* [ACTIVITY] The lines to reproduce from the material below are those from the one containing "Comparison of Satellite5" through the one containing "La Casa de Julieta, en", both included; write them out exactly and add nothing.

* [MATERIAL SUPPLIED]
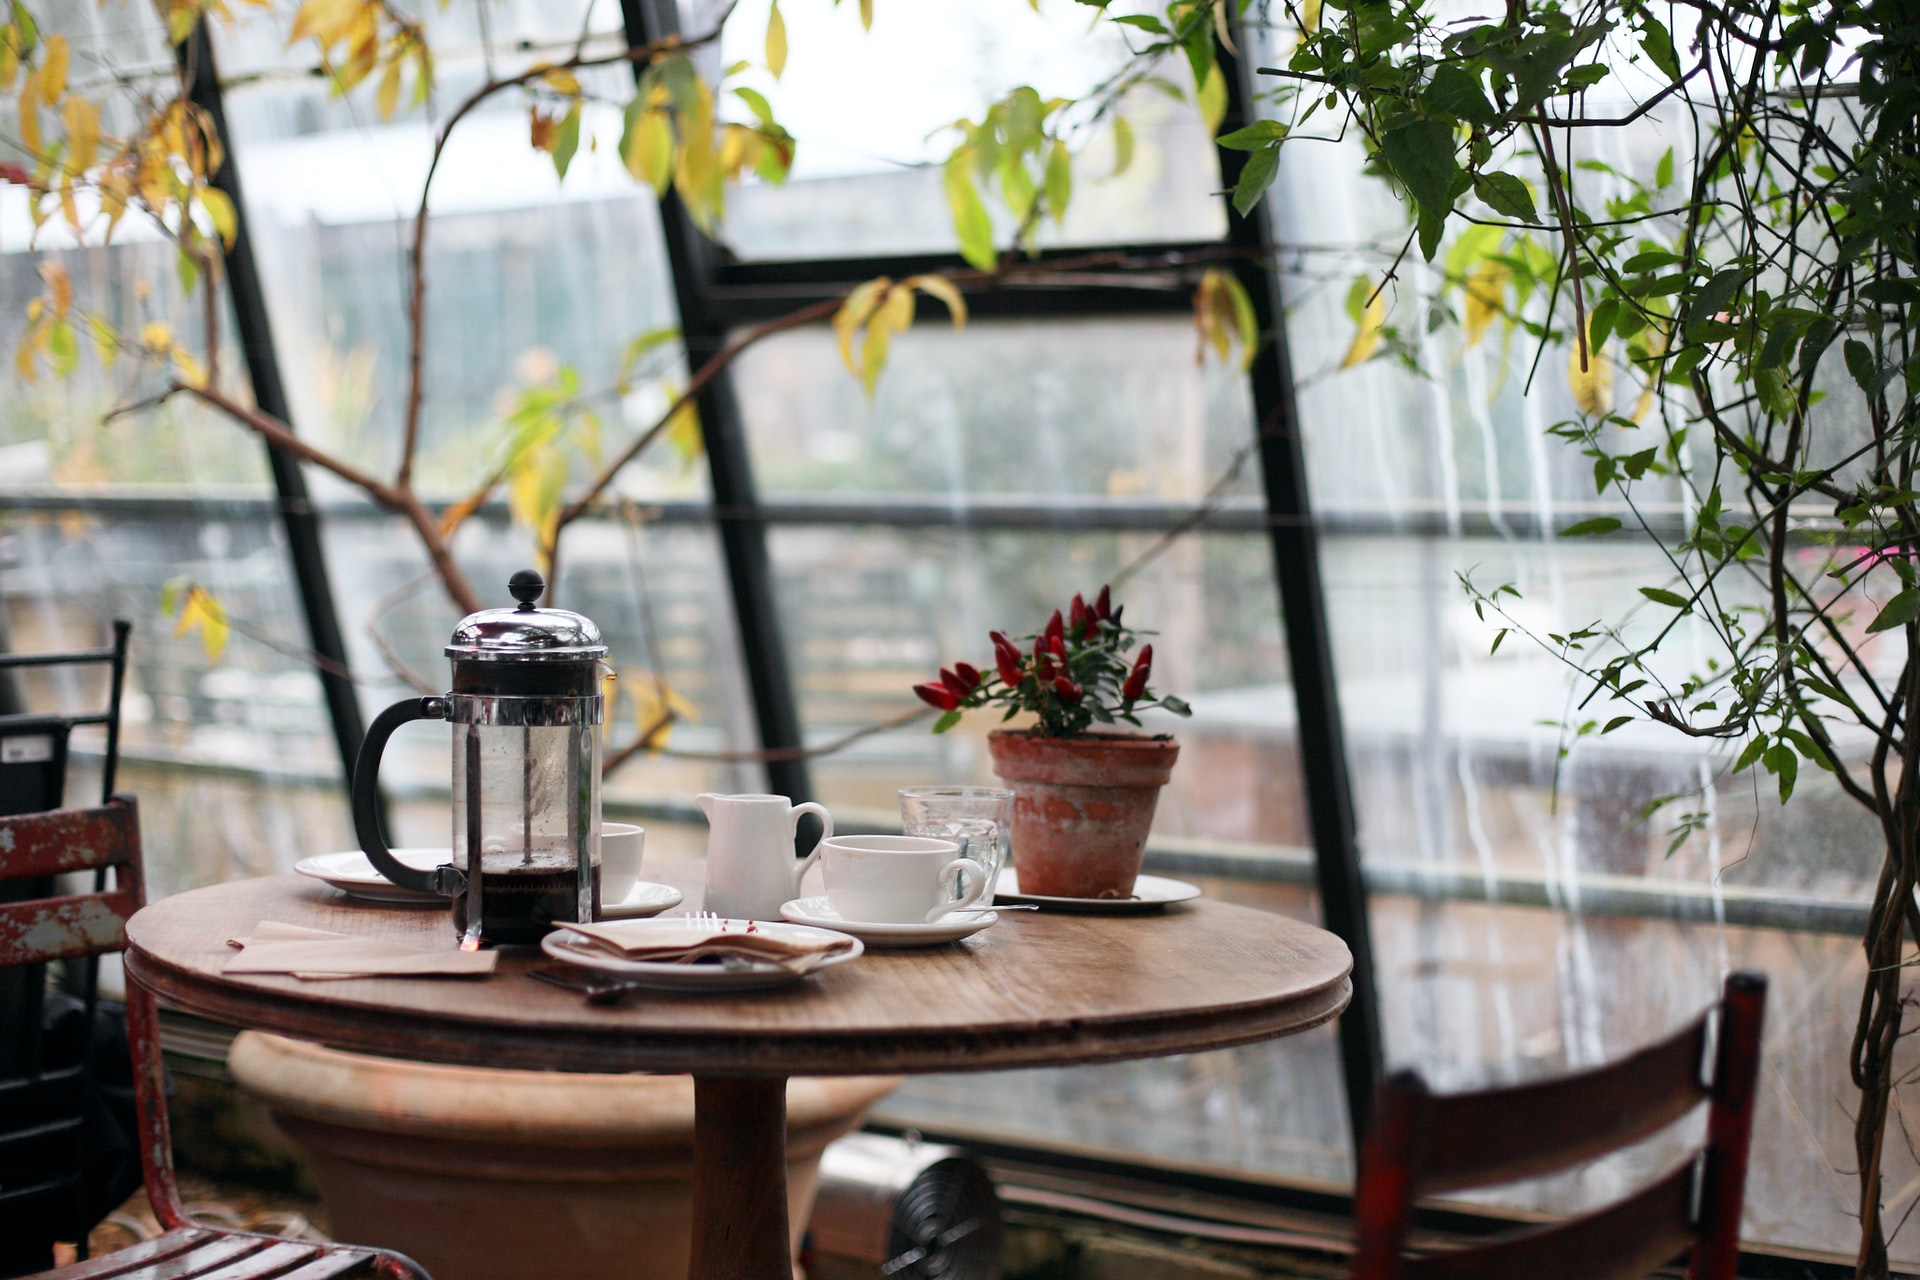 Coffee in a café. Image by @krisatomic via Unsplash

* * *

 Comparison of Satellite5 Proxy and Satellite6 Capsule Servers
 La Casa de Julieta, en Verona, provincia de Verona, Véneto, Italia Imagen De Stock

* [RESPONSE TO THIS TASK]
 Comparison of Satellite5 Proxy and Satellite6 Capsule Servers
 La Casa de Julieta, en Verona, provincia de Verona, Véneto, Italia Imagen De Stock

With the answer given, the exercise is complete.